I recall being a lot more outgoing when I was very young, and can remember (after the fact, being told by others typically) that some things I did were embarrassing/socially inappropriate - I loved playing with people, especially in 'pretend' games which is actually something I have heard that is uncommon for aspies? But IIRC, I was much more fixated on my own imagination than what everyone else was doing, so I was just playing out my own story through the rest of the roleplaying everyone was doing.

Also, like others mentioned, I was very outspoken and tended to enjoy talking more to adults than kids my own age. I was thought of as being very smart and articulate when I was young, and it felt like grown-ups appreciated this more than other kids (although some of that might just be adults trying to indulge a kid who talks a lot haha).

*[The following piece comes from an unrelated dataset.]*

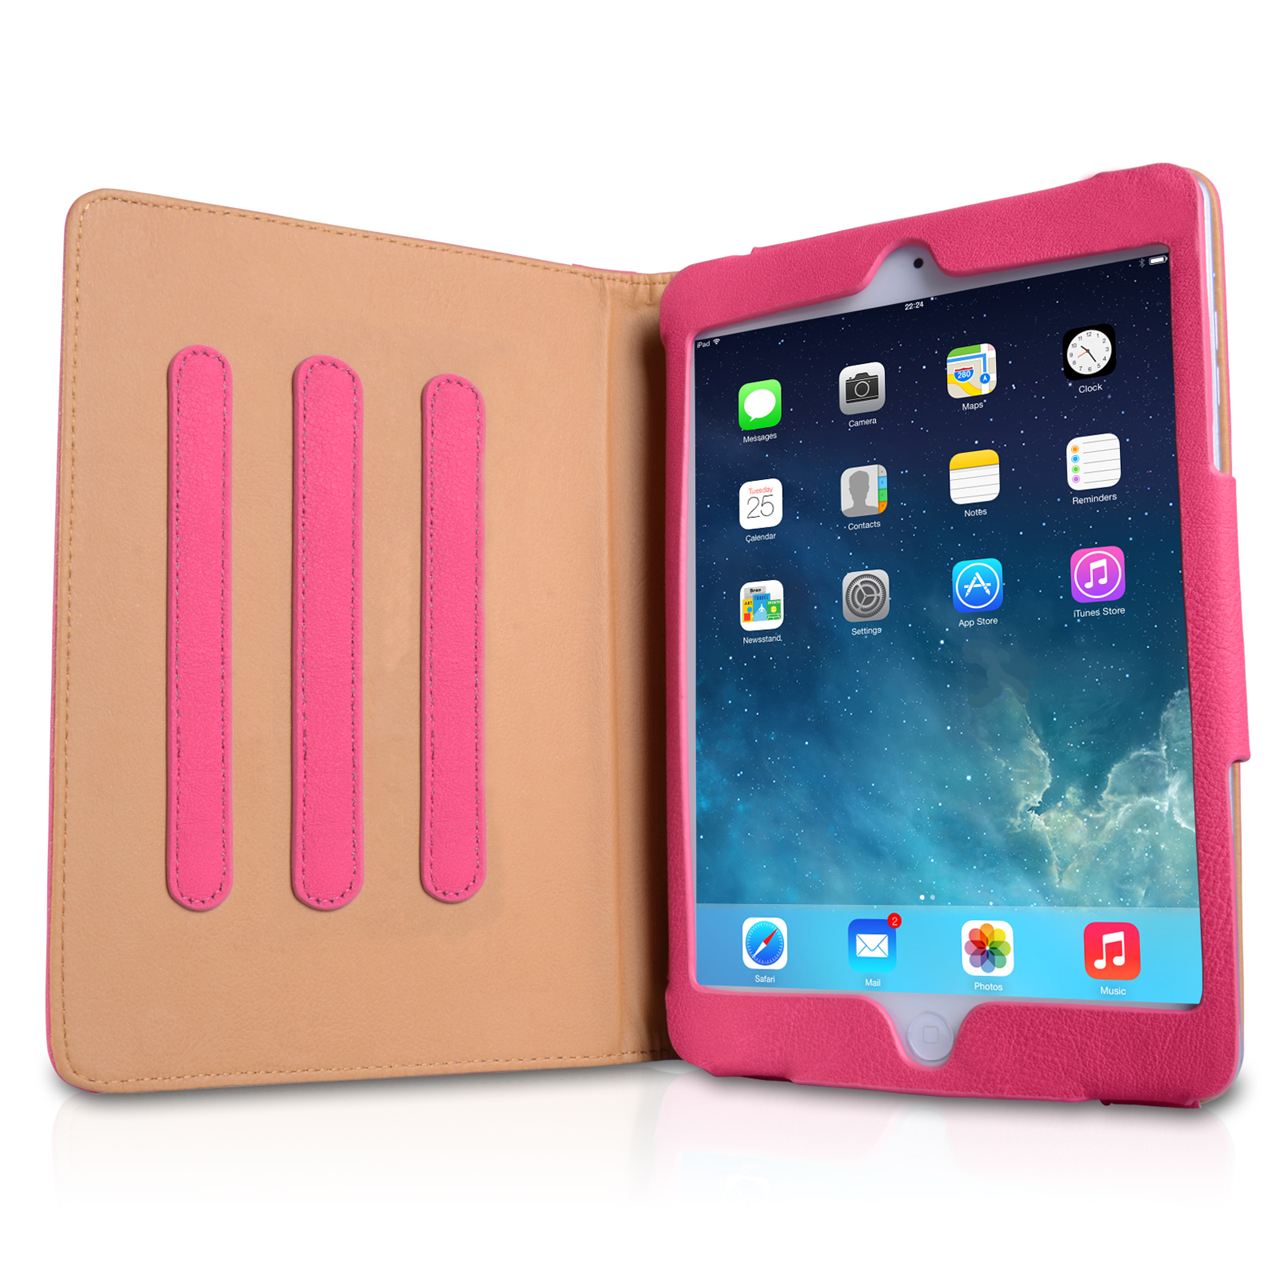 Caseflex iPad Mini 2 Textured Faux Leather Flip Case Hot Pink and Tan
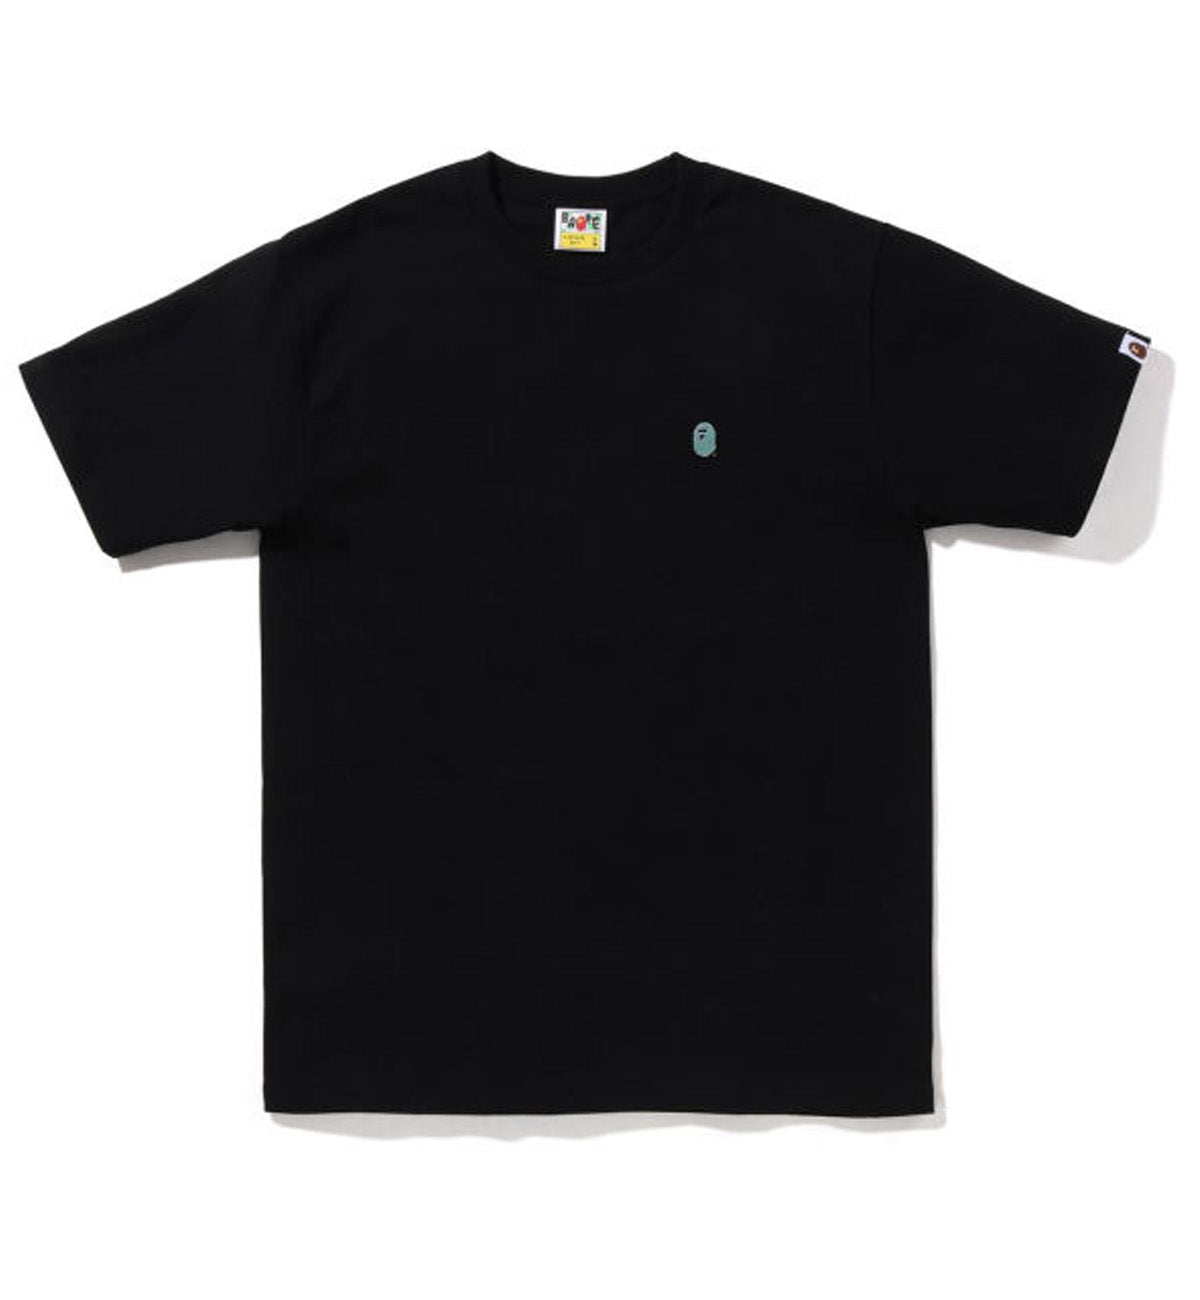 Bape Aqua Ape Head T-Shirt (Black)

As I got older, particularly by the time I was a teen, I was both less interested in playing with large groups of people, and less inclined to form strong friendships. On average, for each school-year I went through, I had 1-3 casual friends, and typically only 1 or 2 of those people who I would occasionally see outside of the classroom (if at all). Sometimes I felt lonely, but I have found I'm able to be very content with myself because I have a very active imagination and have imaginary friendships/otherwise social relationships with folks of my own imagination/from media I enjoy. I've always been like this, and probably always will be considering that I'm formally an adult now. Overall, accumulation of 'negative' social experiences, particularly being talked down to by people for doing something 'wrong' that I wasn't aware of, has resulted long-term in my being much more socially anxious and self-conscious.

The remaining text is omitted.